Le condizioni per imprimere un'ulteriore svolta alla politica monetaria, peraltro, non mancherebbero. Draghi è stato chiaro intervenendo ieri al meeting annuale del Fmi in Perù: il contesto economico «è più difficile di sei mesi fa» e ci sono «rinnovati rischi» sull'economia dell'eurozona dal rallentamento dei Paesi emergenti. Dalla Cina al Brasile, il dilatarsi delle aree che presentano criticità impone una stretta sorveglianza alla Bce e, contestualmente, anche rapidità di azione. Anche perché la ripresa all'interno di Eurolandia è sorretta dalla gambe non proprio solidissime della domanda interna, mentre quella esterna «è più debole di quanto ci si aspettasse». Inoltre, sulla crescita continuano a pesare gli sforzi compiuti dagli Stati membri per implementare le riforme strutturali e per il riaggiustamento dei conti pubblici. A questo proposito, Draghi ha richiamato i Paesi più indebitati a «un'elevata discipina fiscale» per evitare di essere penalizzati quando l'attuale fase di bassi tassi di interesse giungerà a termine.

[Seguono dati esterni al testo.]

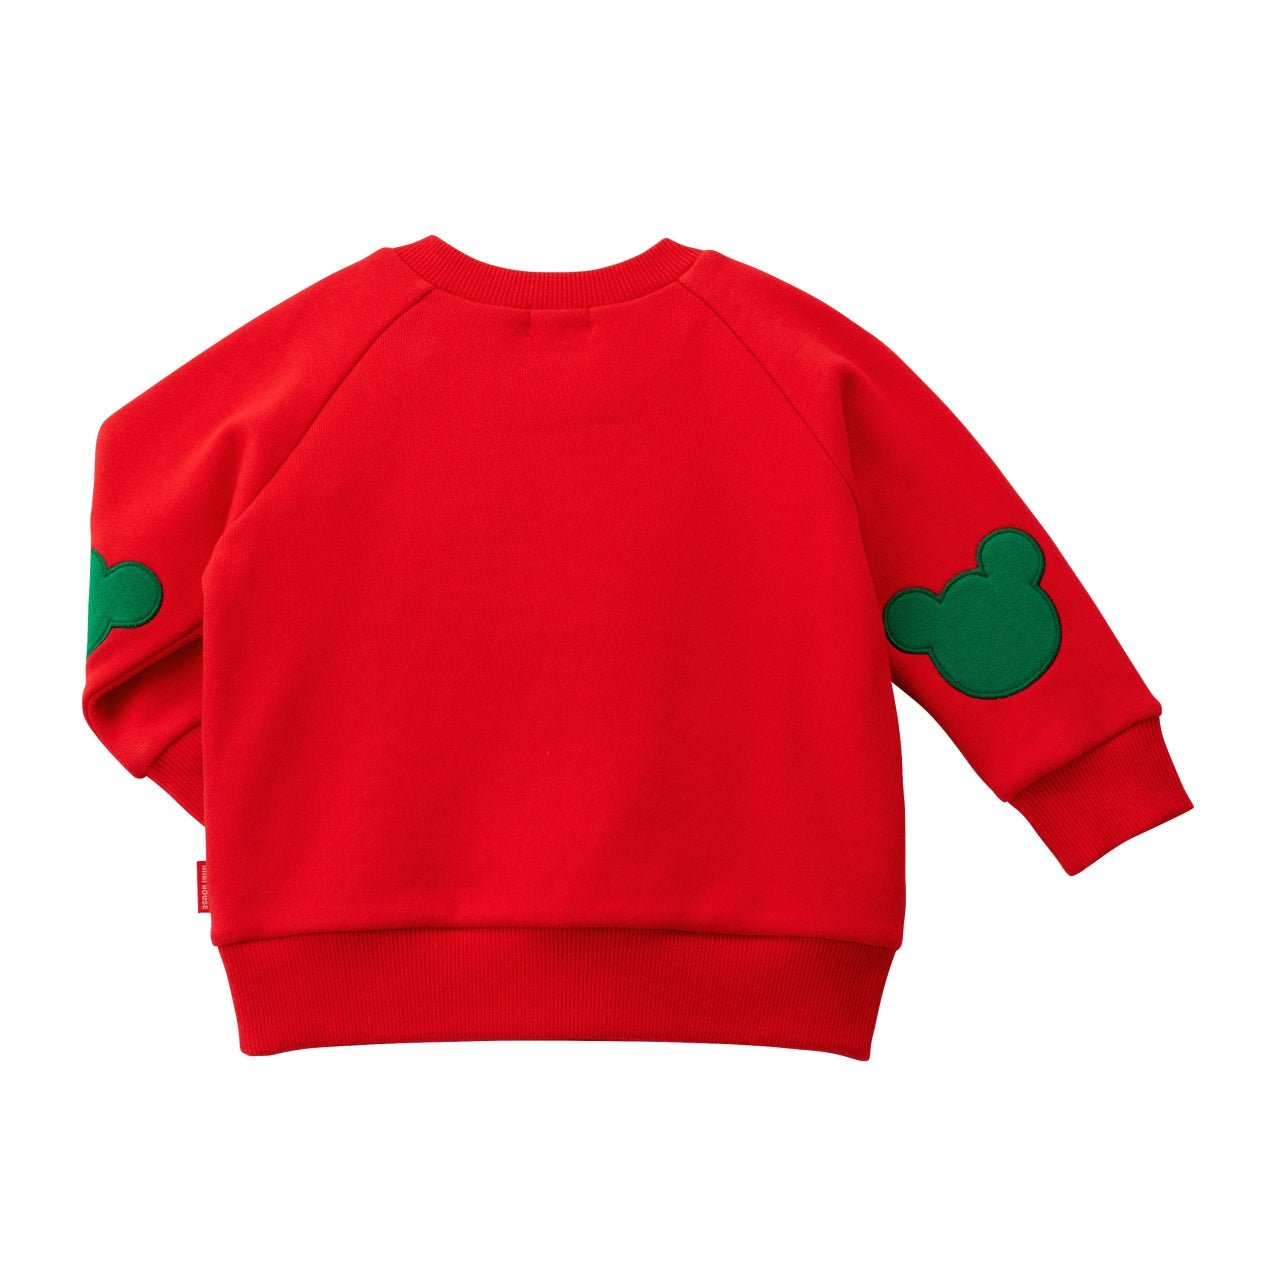 Pucci-licious Sweatshirt - 10-5610-579-02-80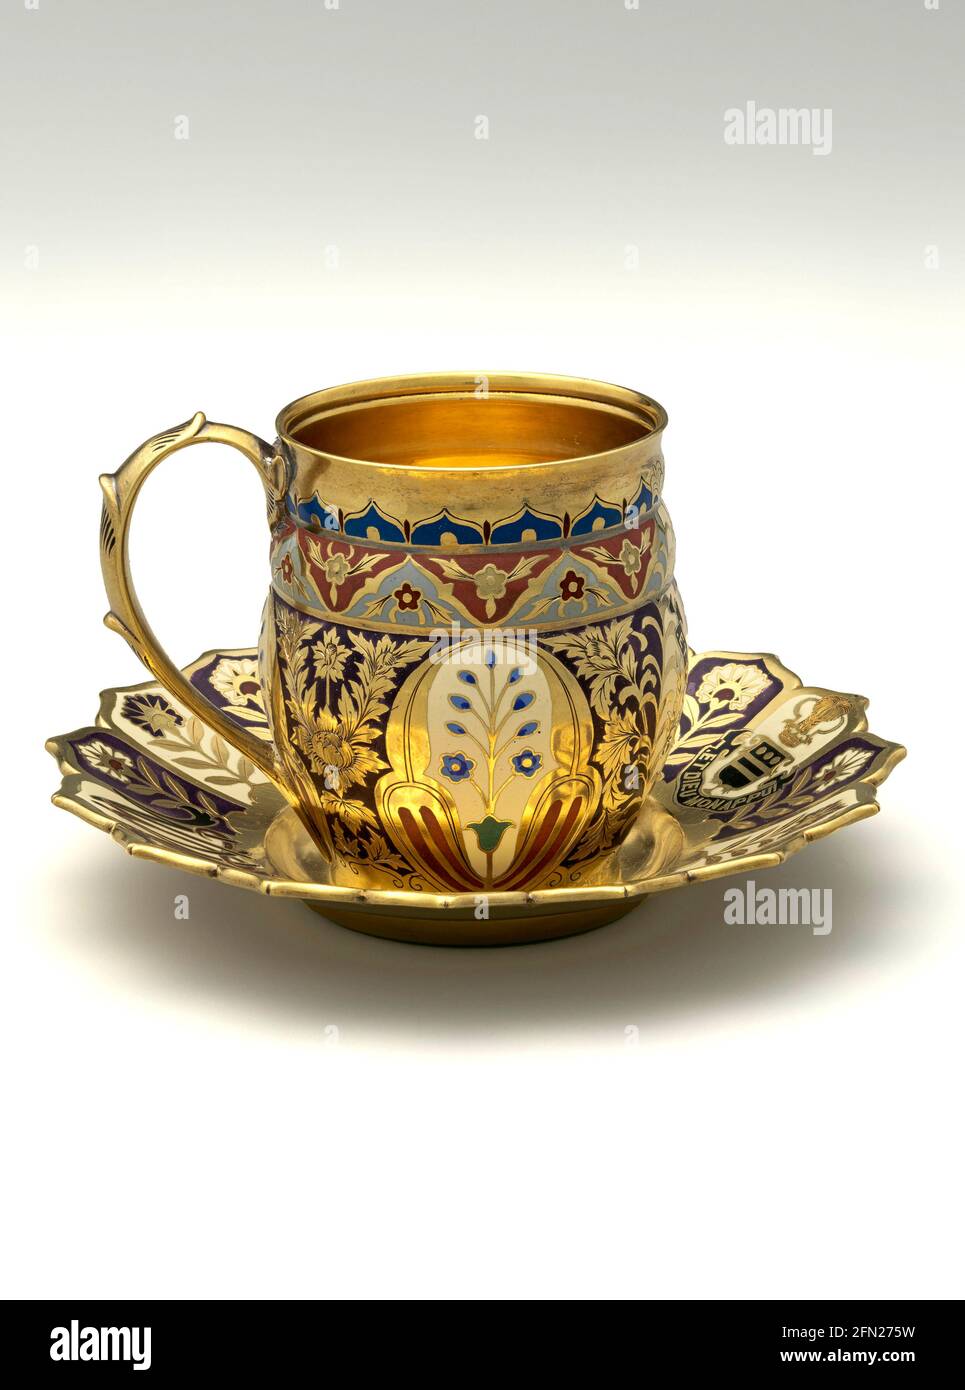 Tasse - vom Mackay Service 1878 von Tiffany & Co. Diese vergoldeten und emaillierten Tassen und Untertassen gehören zu einem der renommiertesten und luxuriösesten Dinner-Services, die jemals in Amerika kreiert wurden Stockfoto

Nel complesso un quadro che, unito ai cali di prezzo delle materie prime, rischia di vanificare gli sforzi tesi a riportare l'inflazione su livelli più equilibrati. «L'inflazione è attesa rimanere molto bassa nel breve termine», conferma Draghi. Occorrerà aspettare il 2016 per vederla risalire. Sempre che si riveli corretto l'assunto «che gli attuali prezzi sul mercato dei future si traducano effettivamente in prezzi del petrolio più alti nei prossimi anni». Proprio la necessità di scongiurare lo spettro della deflazione potrebbe essere la leva primaria che il presidente della banca centrale europea userà, forse già questo mese, per chiedere una rimodulazione del Qe. Una proposta destinata, però, a trovare il fuoco di sbarramento della Bundesbank. L'opposizione tedesca a qualsiasi ampliamento del piano di acquisti è nota. A ribadire il nein è stato ieri, sempre dalla capitale peruviana, il ministro delle Finanze, Wolfgang Schaeuble, alle cui orecchie il tweet di Draghi non è arrivato certo come un cinguettio. La risposta è stata infatti ruvida: «Iniziamo a vedere più chiaramente i limiti di politiche macroeconomiche espansive.
L'effetto di tassi ultra bassi e del quantitative easing sulla crescita sembra meno potente di quanto atteso da molti esperti». Insomma: il bazooka è inefficace. E dannoso. La partita è aperta: la vincerà ancora SuperMario?